When I visit /pipeline from istio-ingressgateway via port-forward, I got:

url -v http://localhost:31380/pipeline
*   Trying 127.0.0.1:31380...
* Connected to localhost (127.0.0.1) port 31380 (#0)
> GET /pipeline HTTP/1.1
> Host: localhost:31380
> User-Agent: Mozilla/5.0 (Windows NT 10.0; rv:68.0) Gecko/20100101 Firefox/68.0
> Accept: */*
> Referer: 
> 
* Mark bundle as not supporting multiuse
< HTTP/1.1 503 Service Unavailable
< content-length: 91
< content-type: text/plain
< date: Sun, 26 Jul 2020 01:12:13 GMT
< server: istio-envoy
< 
* Connection #0 to host localhost left intact
upstream connect error or disconnect/reset before headers. reset reason: connection failure

However, pipeline UI itself works when I visit from its service ml-pipeline-ui.kubeflow.svc via port-foward.

Problem

If I delete the destinationrule ml-pipeline-ui OR just use DISABLE as its TLS connection mode, everything works very well. I tried some pipelines and it provisions pipeline instances under my profile namespace 🎉 .

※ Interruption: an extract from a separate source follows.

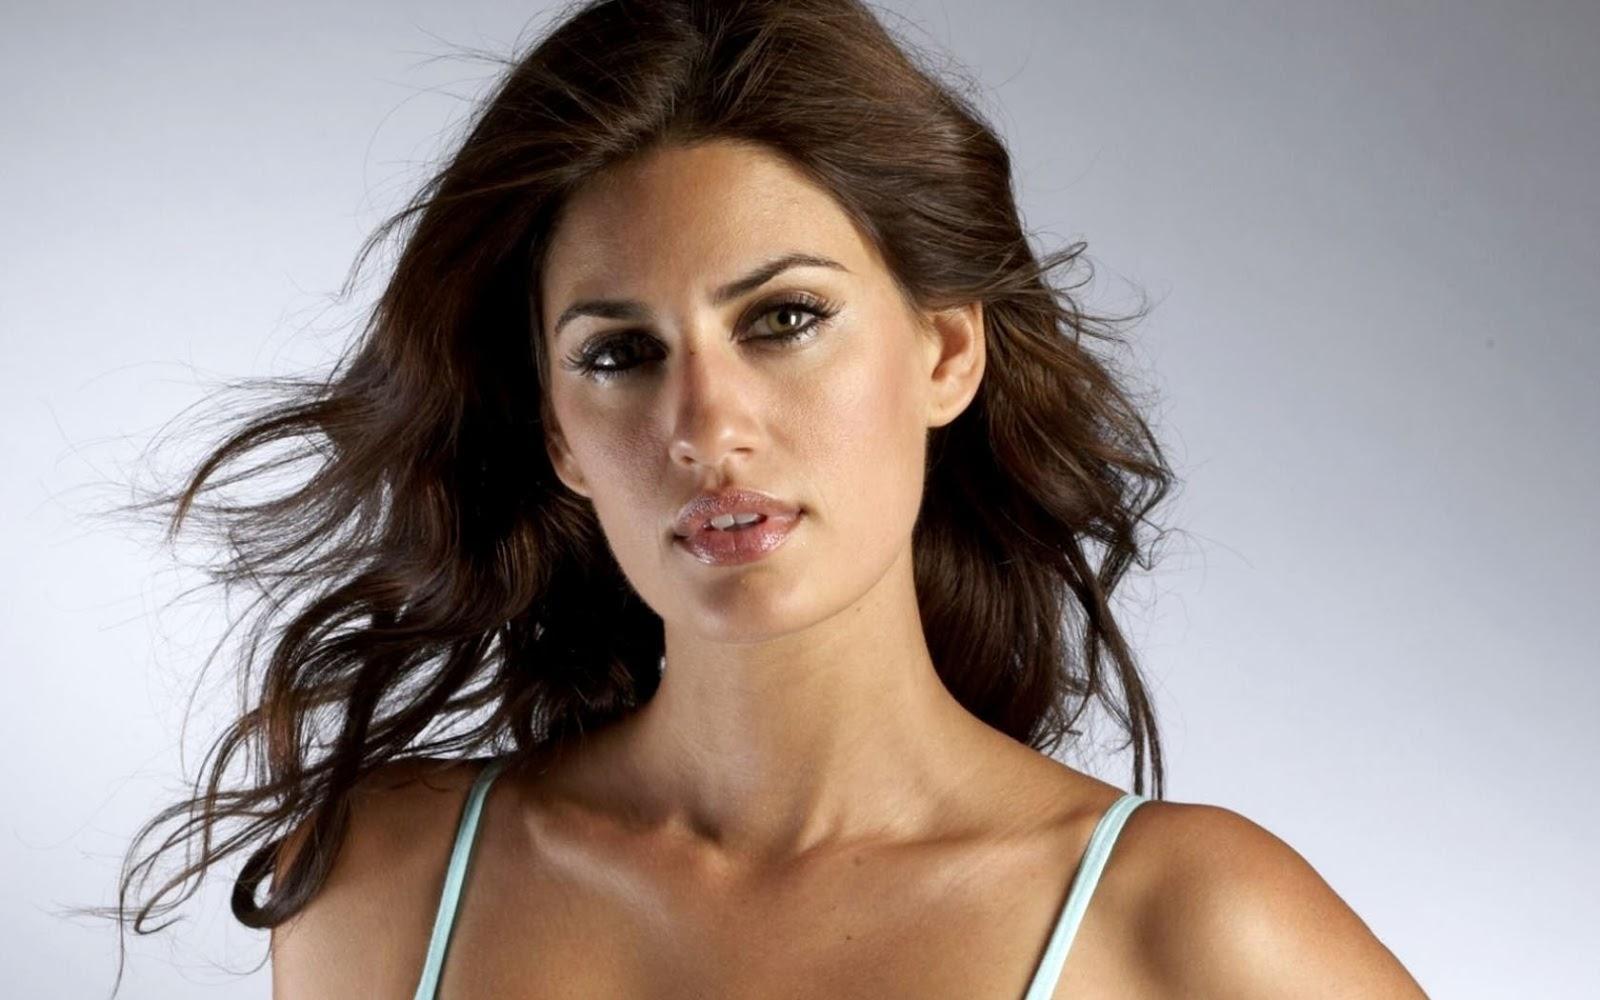 10 Wanita Tercantik Di Timur Tengah Yang Sangat Mempesona Dunia

This is the destinationrule I mentioned:

https://github.com/kubeflow/manifests/blob/baddd858737ea5c7c1f6799221e97ab107213ba7/pipeline/installs/multi-user/istio-authorization-config.yaml#L60-L68

@Bobgy I'm curious if ISTIO_MUTUAL works for service ml-pipeline-ui? b/c there's no Enovy sidecar for pods from deployment ml-pipeline-ui so is such a destination rule necessary?

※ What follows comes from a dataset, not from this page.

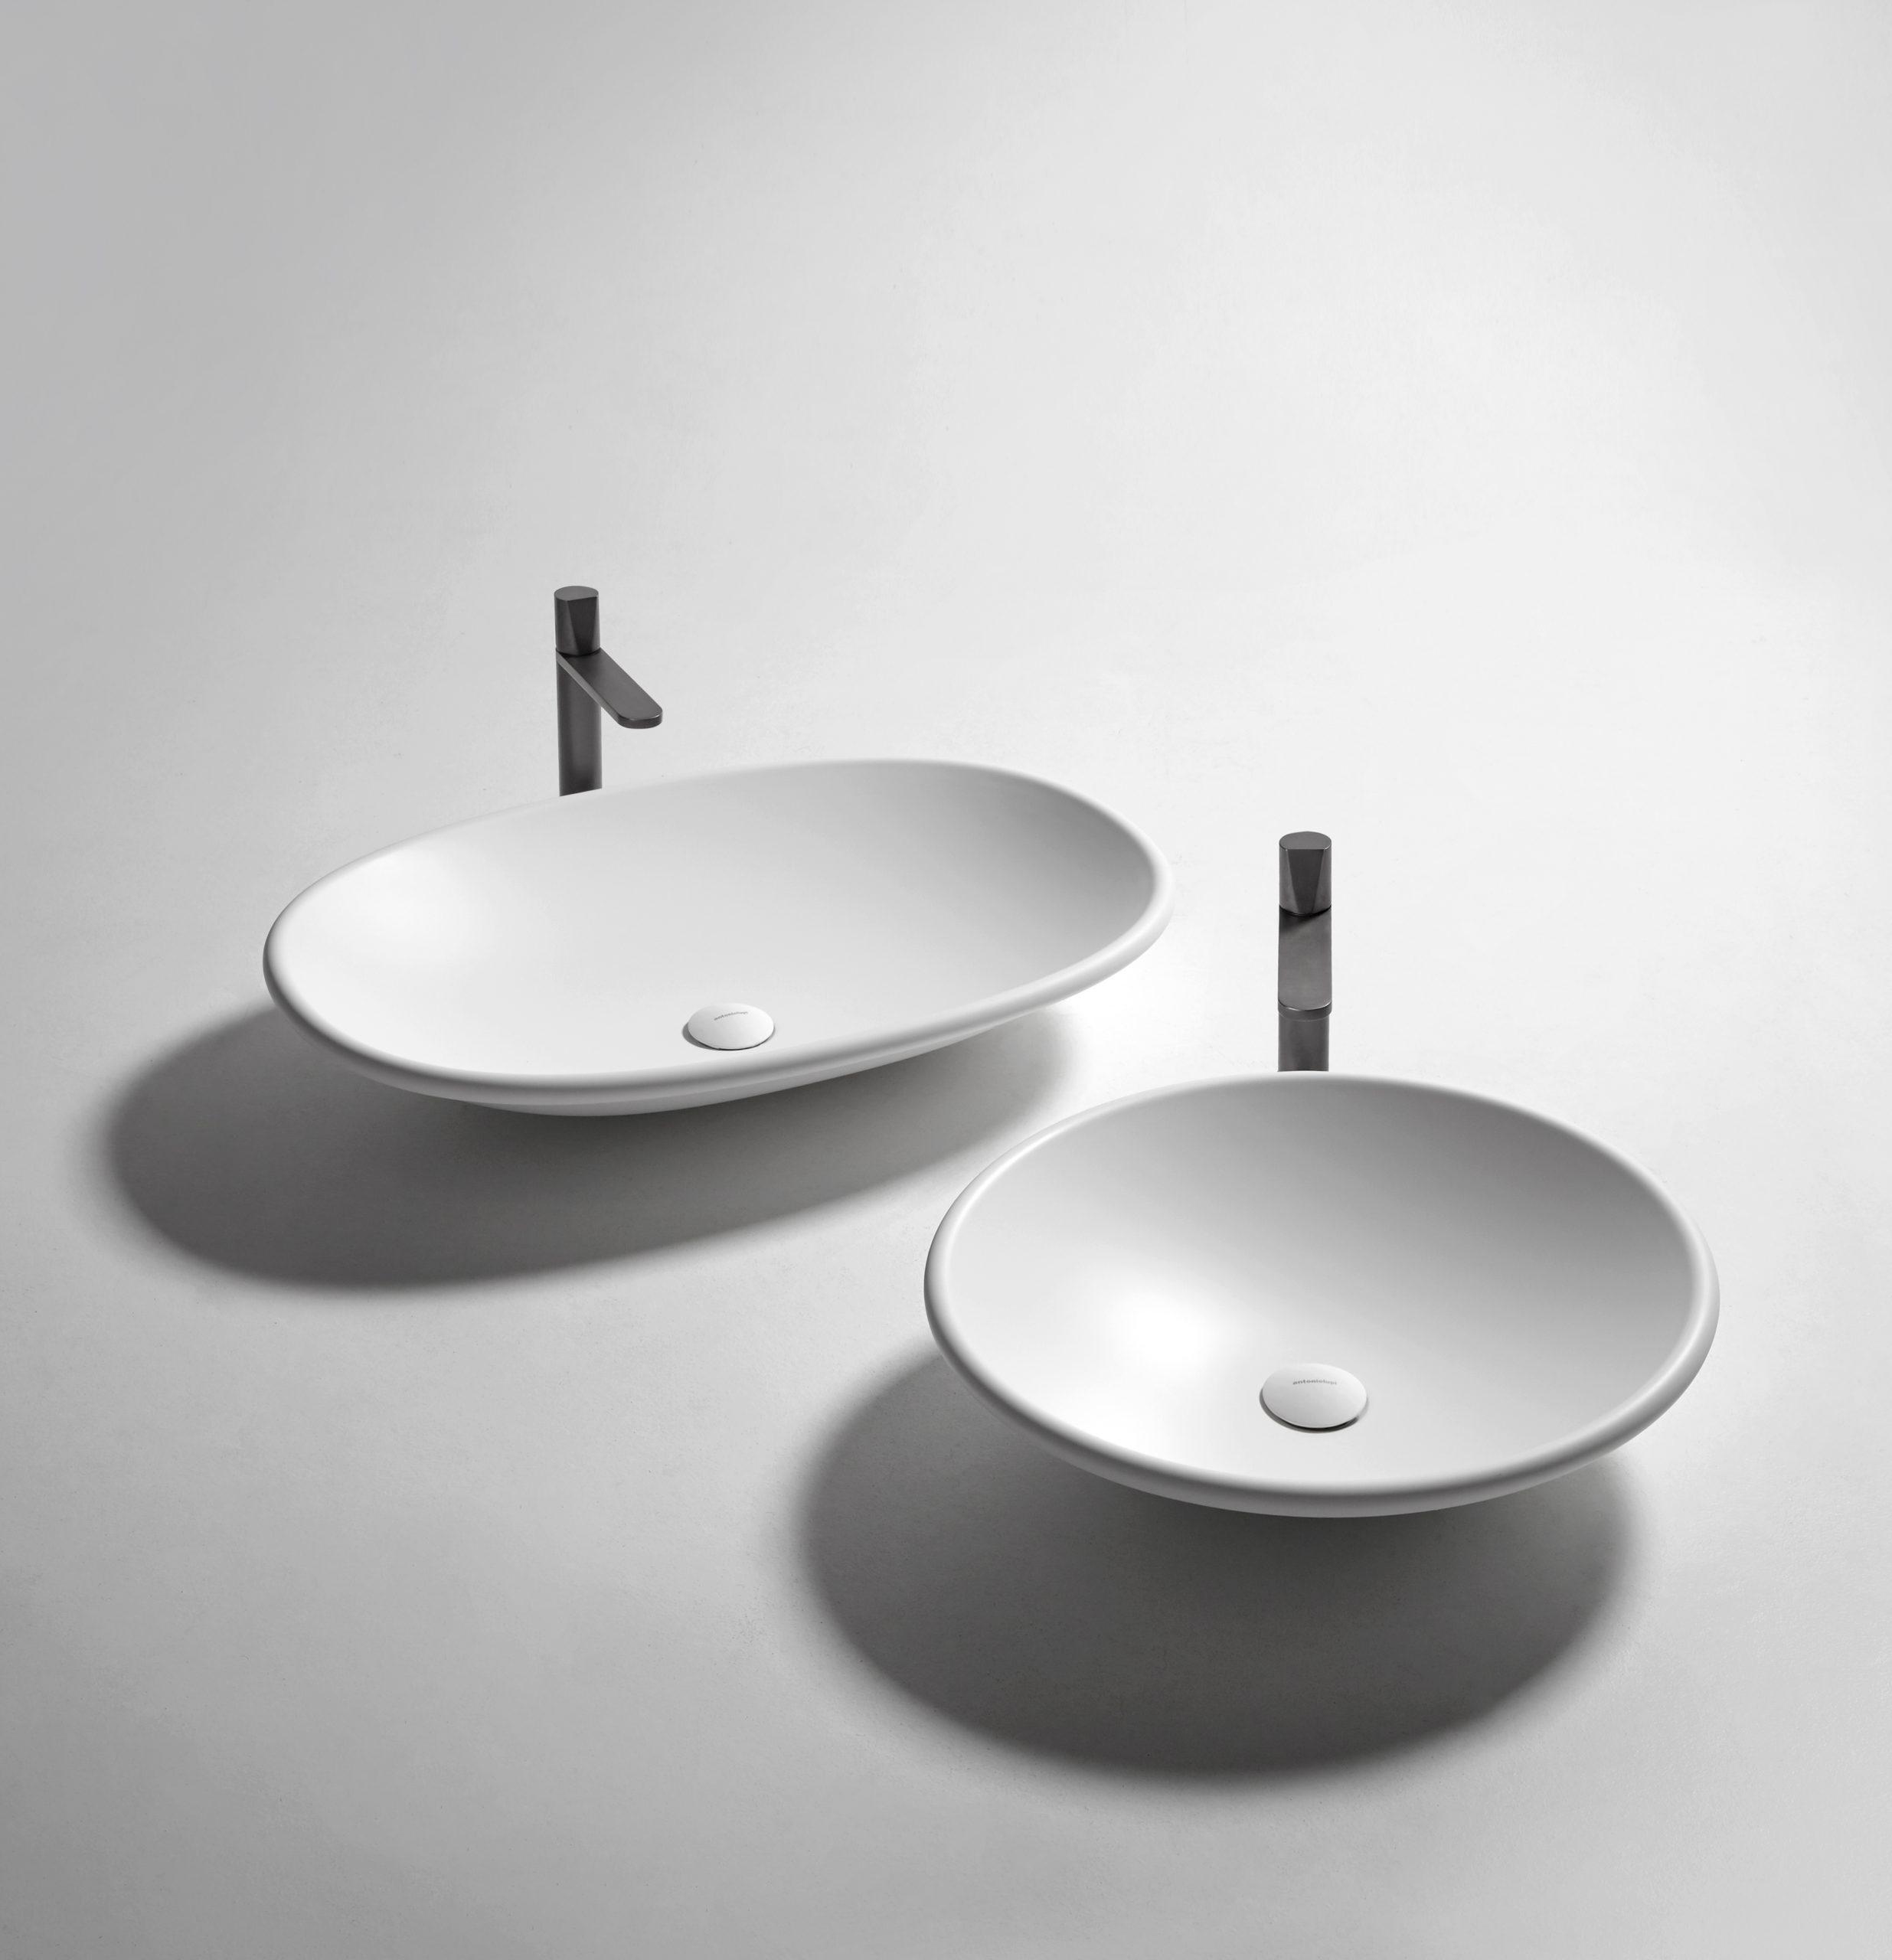 Rim Washbowls designed by Debiasi Sandri for Antoniolupi

Bobgy commented 4 years ago

@shawnzhu ibm platform should enable istio sidecar injection for kubeflow namespace in kfdef refer to https://github.com/kubeflow/manifests/blob/baddd858737ea5c7c1f6799221e97ab107213ba7/namespaces/base/namespaces.yaml#L7

shawnzhu commented 4 years ago

@Bobgy I've tested ☝️ PR where istio-injection: enabled is included (Thanks to @adrian555 ). KFP works from UI but I got error message when using KFP SDK from a notebook in my profile namespace:

client = kfp.Client()
EXPERIMENT_NAME = 'KFServing Experiments'
experiment = client.create_experiment(name=EXPERIMENT_NAME)

I got:

ApiException: (403)
Reason: Forbidden
HTTP response headers: HTTPHeaderDict({'content-length': '19', 'content-type': 'text/plain', 'date': 'Tue, 28 Jul 2020 16:08:15 GMT', 'server': 'envoy', 'x-envoy-upstream-service-time': '0'})
HTTP response body: RBAC: access denied

So I assume the authentication is passed via mTLS since both notebook pod and ml-pipeline.kubeflow.svc pod has sidcars. Does the RBAC access denied means it requires more rules for cluster role kubeflow-edit ? which hasn’t been changed since Oct 2019?

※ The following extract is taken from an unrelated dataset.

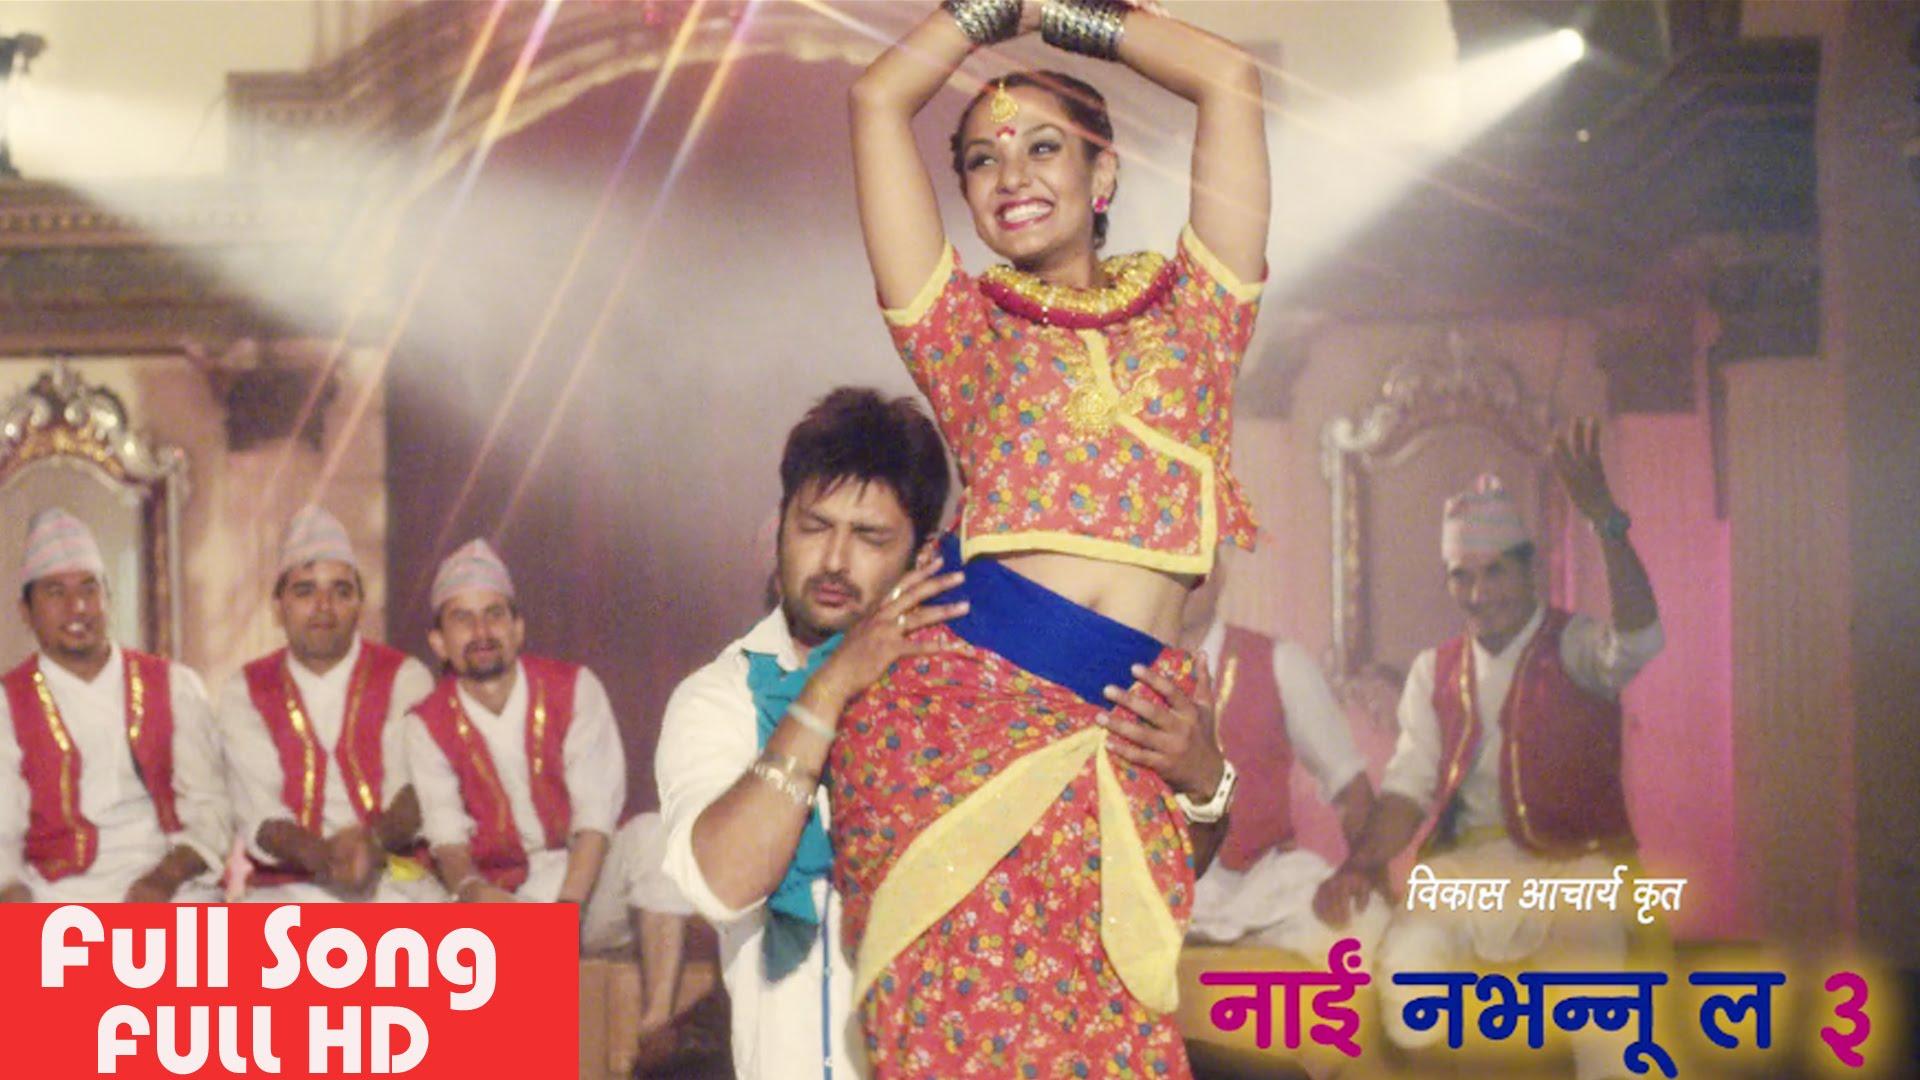 Nepali movie chahanchu ma timilai nai / Bash 4 3 release notes

If you want to chat, I started it in this slack message: https://kubeflow.slack.com/archives/CE10KS9M4/p1595953494216900

Updates

after reading through the user journey, I added role and rolebing to the service account default-editor as instructed:

$ kubectl auth can-i --list | grep pipeline
pipelines.pipelines.kubeflow.org                []                  []                     [create get list]
runs.pipelines.kubeflow.org                     []                  []                     [create get list]

but I still get ☝️ error RBAC: access denied

Jeffwan commented 4 years ago

AWS issues #1430 @Bobgy I didn't follow all the implementation details. Any reason to inject kubeflow namespace and add DestinationRules? I tried to remove destinationRules and UI page works fine. However, I think some multi-user feature might be blocked or restrict due to this.

If there's a checklist to see if multi-user works under expectation under different platforms? Like you should see virtualizationserver and ui-artifact under user's namespace, etc? Or any sanity check?

Jeffwan commented 4 years ago

Another issue I notice is ml-pipeline-ui-artifact doesn't use right header. It by default use GCP header, however, it's a little bit hard to override because configs come from kubeflow-config which is in kubeflow namespace

animeshsingh commented 4 years ago

And it seems it's causing other unintended side-effects with KFServing, look at the last comments there. https://github.com/kubeflow/kfserving/issues/568#issuecomment-664735067

@Jeffwan did you test KFServing at your end within this context?

Jeffwan commented 4 years ago

And it seems it's causing other unintended side-effects with KFServing, look at the last comments there. kubeflow/kfserving#568 (comment)

@Jeffwan did you test KFServing at your end within this context?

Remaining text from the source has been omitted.